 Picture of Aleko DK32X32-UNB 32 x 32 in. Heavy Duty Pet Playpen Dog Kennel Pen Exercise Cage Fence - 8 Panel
* * *
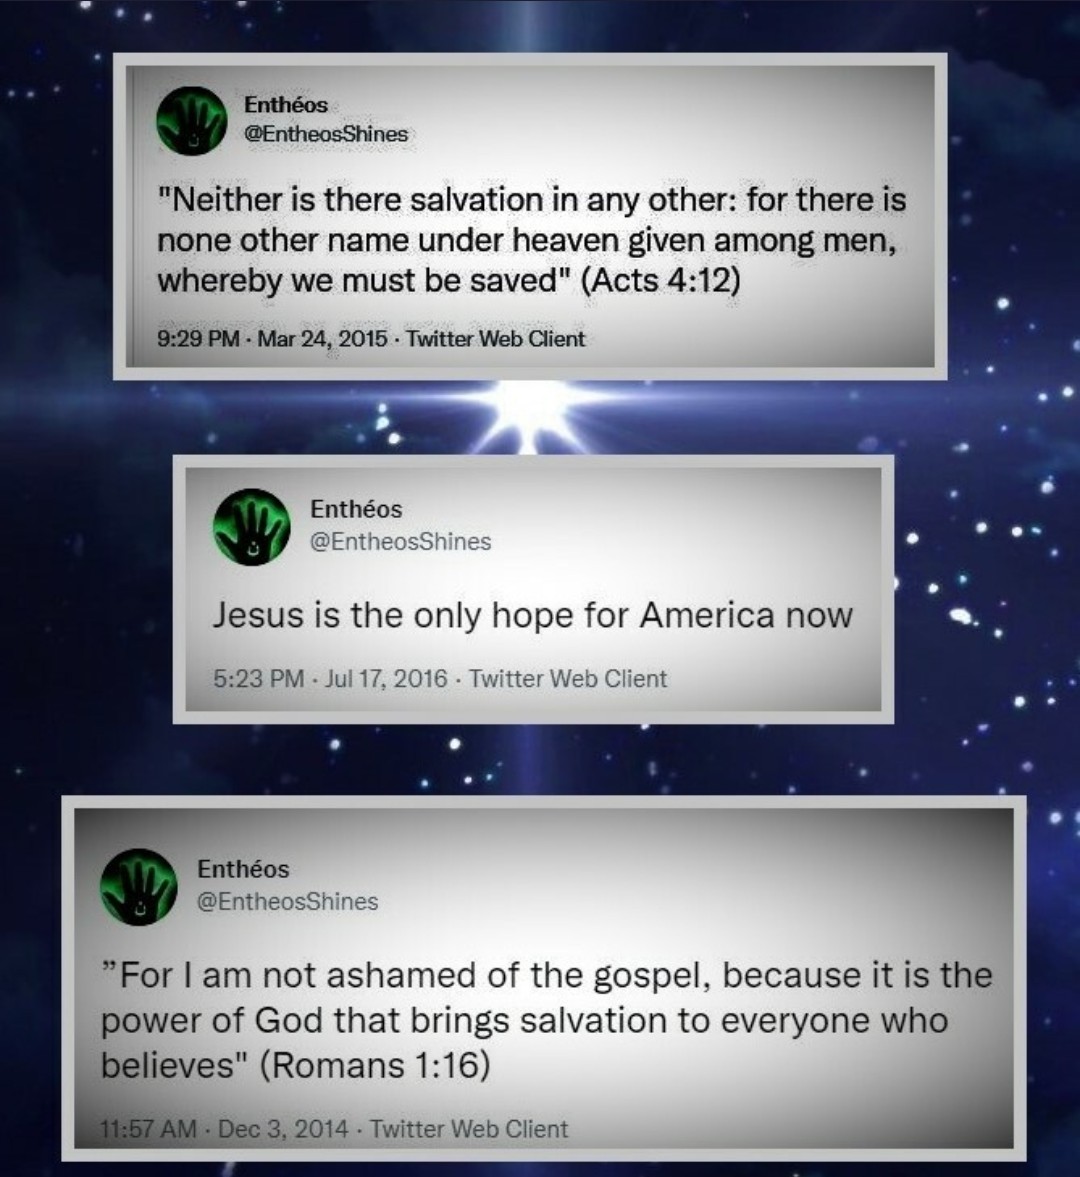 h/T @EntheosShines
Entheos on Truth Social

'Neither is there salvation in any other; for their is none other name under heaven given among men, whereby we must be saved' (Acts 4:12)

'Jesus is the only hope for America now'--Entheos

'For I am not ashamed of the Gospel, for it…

#### Exercise requirements
Reproduce exactly, and with no other material, the lines between those holding "saved' (Acts 4:12)" and "Gospel, for it…", inclusive.

#### Solution for this exercise
'Neither is there salvation in any other; for their is none other name under heaven given among men, whereby we must be saved' (Acts 4:12)

'Jesus is the only hope for America now'--Entheos

'For I am not ashamed of the Gospel, for it…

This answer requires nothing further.